What Can Go Wrong Even After Employee’s are Gone: Preventing Problems With Former Employees
By: Debra Dawahare
Wyatt, Tarrant & Combs
Debra Dawahare |
Even after an employer has terminated an employee on cordial terms, or for well- documented and legally defensible reasons, terminated
employees can cause difficulties for the employer. What follows are a seven suggestions for anticipating and minimizing such problems.
# 1 Have Your Ducks in a Row at the Termination Meeting
The termination should be brisk, to the point, and as private as possible. Although the law does not require a termination letter, many employees request them. The employer may wish to have a brief termination letter prepared for the meeting, stating the real reason for the employee's termination, and perhaps mentioning when and how the employee will be paid any earned wages. The employer should retrieve any company property the employee may have. If the employee owes the company money, arrangements should be made for repaying it, and any agreements about setting off sums the employee owes against wages the employer owes should, at a minimum, be reduced to a writing signed by the employee. If the debt is significant, the departing employee should be asked to sign a promissory note. Employers should think ahead to whether the departing employee is likely to be a future security risk, and take security measures appropriate to the level of risk involved.
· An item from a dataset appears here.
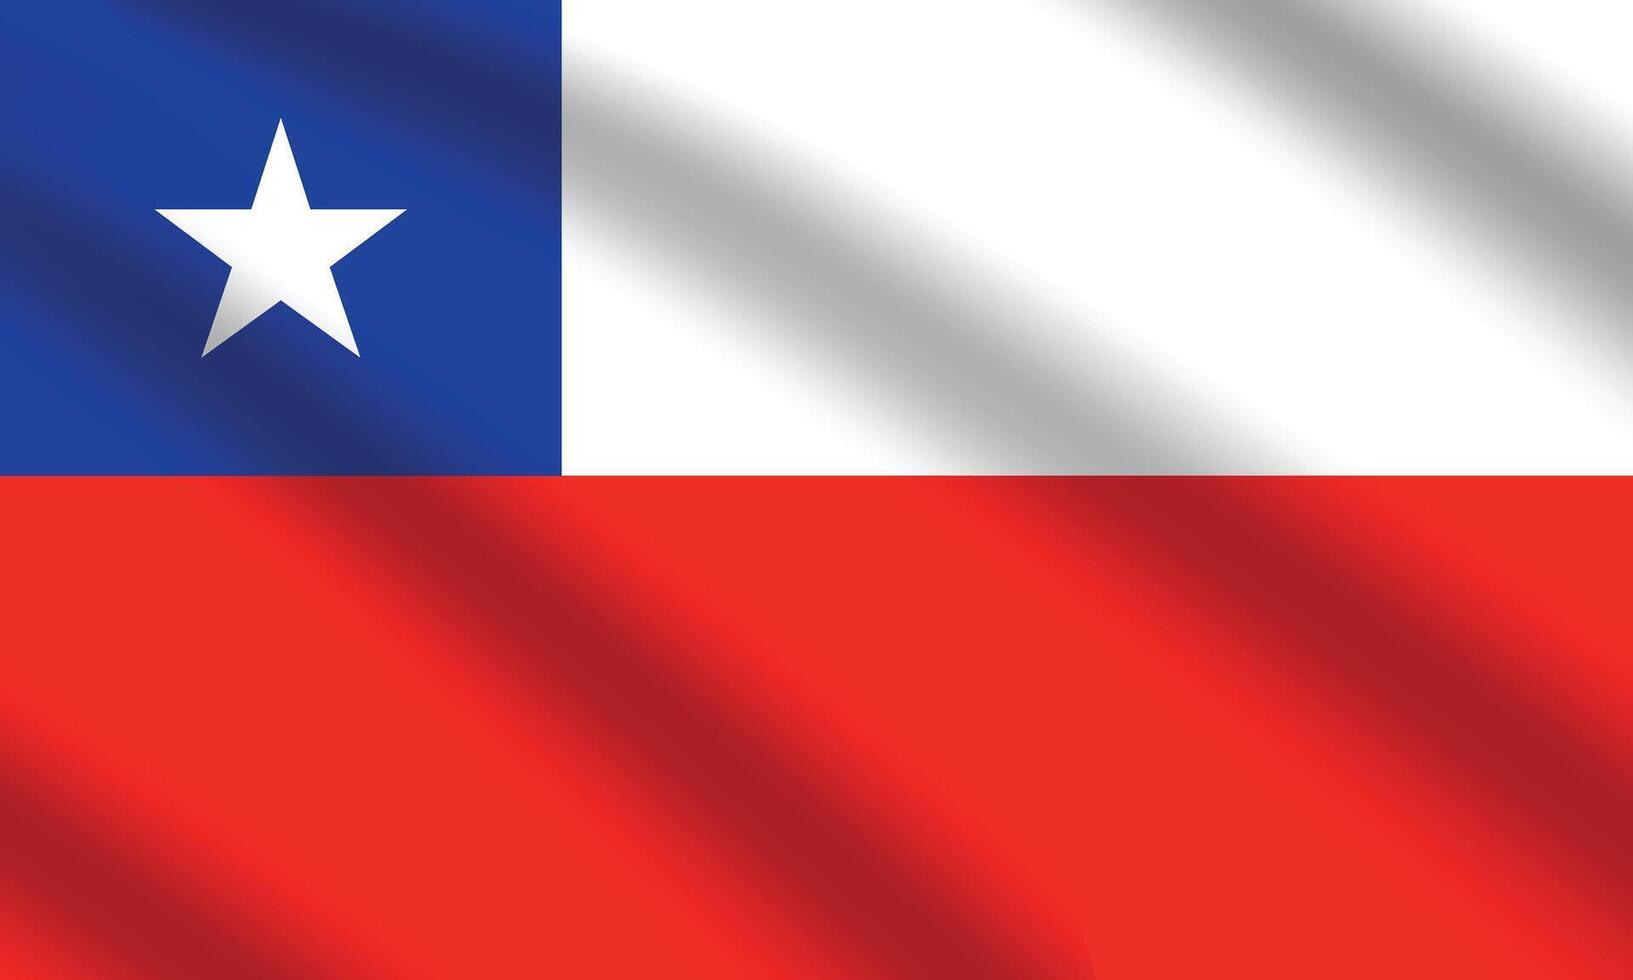 Flat Illustration of Chile flag. Chile national flag design. Chile wave flag. vector
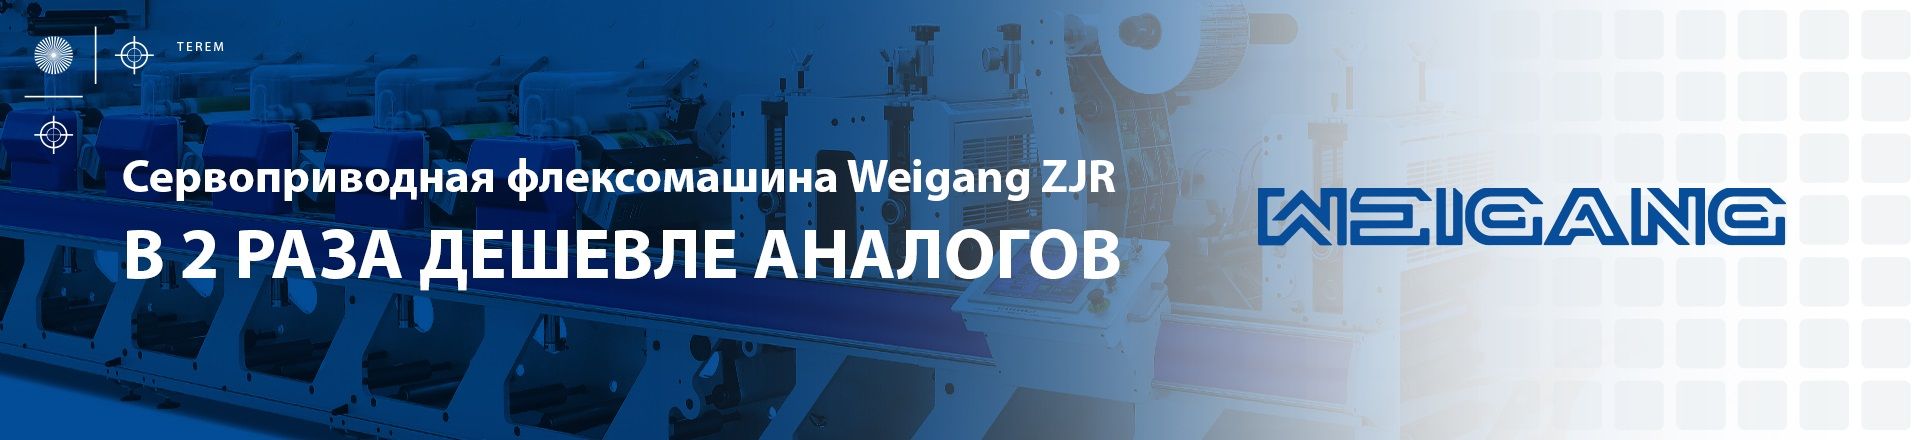 Weigang ZJR: в 2 раза дешевле аналогов (zone 2)

# 2 Protect the Company from Competition and Disclosure
After the employer has decided to fire someone is not the best time to recognize that that person stands to take away significant clients, or possesses proprietary information. Non-compete and non-disclosure agreements should be in place well before the termination occurs. The departing employee should be reminded of them, and furnished with copies, at the termination meeting.
# 3 Be Sure to Pay All Compensation Owed, On Time
Earned wages must be paid within eighteen days. Employers may not withhold wages from departing employees for cash shortages, breakage, or losses due to acceptance of bad checks, default of a customer's credit, non-payment for goods or services a customer has received, lost or stolen property, or property damage. Commissions or bonuses should be paid as agreed upon. Accrued but unused paid time off should be paid in accordance with company policy.
# 4 Make a Considered Decision Whether to Contest an Employee's Claim for Unemployment Benefits
Unless the employee is terminated for clearly documented misconduct or failure to follow a known and uniformly enforced work rule, the employee will be eligible for unemployment benefits. So long as the employee who is not terminated under those circumstances has not misstated the reason for termination in his application for unemployment benefits, the employer is wiser not to expend the effort to contest the claim. An employer who wishes to contest a claim should be prepared to take the matter seriously, recognizing that the evidence submitted in the unemployment proceedings may surface in court later if litigation ensues. While the decision awarding or refusing to award benefits is not admissible in later litigation, the evidence adduced at the agency level is admissible. If an employer anticipates further difficulties with an employee who has sought unemployment benefits, the employer should retain all materials generated at the agency level, and should obtain copies of the taped record of any referee's hearings.
# 5 Remember That Loose Lips Sink Ships
Defamation is becoming the new "tort du jour" for disgruntled former employees, who frequently claim that the employer, though its managers or supervisors, said false things about the employee that harmed the employee's reputation and made it difficult or impossible for the employee to find a new job. Supervisory personnel should be cautioned not to discuss the fact of or reasons for an employee's termination with anyone except other members of management. Other employees can simply be told that the terminated employee is no longer with the company, and how his or her duties will be handled in the future.
Although Kentucky's new "truth in hiring" statute says that an employer who gives prospective employers truthful information about a former employee upon inquiry will be immune from civil liability for having provided such information, the statute does not abrogate common-law torts such as defamation (if the former employee contests that the information given was "truthful") or tortious interference with prospective business relationships (if the former employee claims that the former employer said or did something that damaged his job prospects). Employers should be cautious about giving references, and are still well advised to keep to a neutral reference policy, confirming dates of employment and positions held, but offering no further information. In discrimination cases, negative references that are arguably unfounded may give rise to retaliation claims, which are difficult to defend. The "truth in hiring" statute place no affirmative duty upon current or former employers to disclose any information to prospective employers.
# 6 Hold on to Pertinent Documents for at Least
Five Years
Kentucky's anti-discrimination statute and some common-law torts have five-year statutes of limitation. Employers would be wise to hold on to personnel files and other major records for at least this long.
# 7 Unless Company Policy Mandates Severance Pay, Don't Offer it Without Getting a Release
If an employee is terminated for reasons other than misconduct, the employer may want to ease the transition by offering severance pay. In exchange, however, the employer should ask the employee to sign a general waiver and release. Finally, it bears remembering that even though Kentucky's courts still recognize the "employment-at-will" doctrine, every termination should be we well planned and well documented as circumstances permit.